### PROBLEM DETAILS
Go to the line that contains "Interview mit Mikrofon" and extract it along with every line after it, exactly, through the end of the data below.

### DATA BLOCK
==============================
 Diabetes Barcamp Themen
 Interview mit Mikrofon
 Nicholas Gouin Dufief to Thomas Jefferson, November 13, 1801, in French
==============================
### TASK RESULT
 Interview mit Mikrofon
 Nicholas Gouin Dufief to Thomas Jefferson, November 13, 1801, in French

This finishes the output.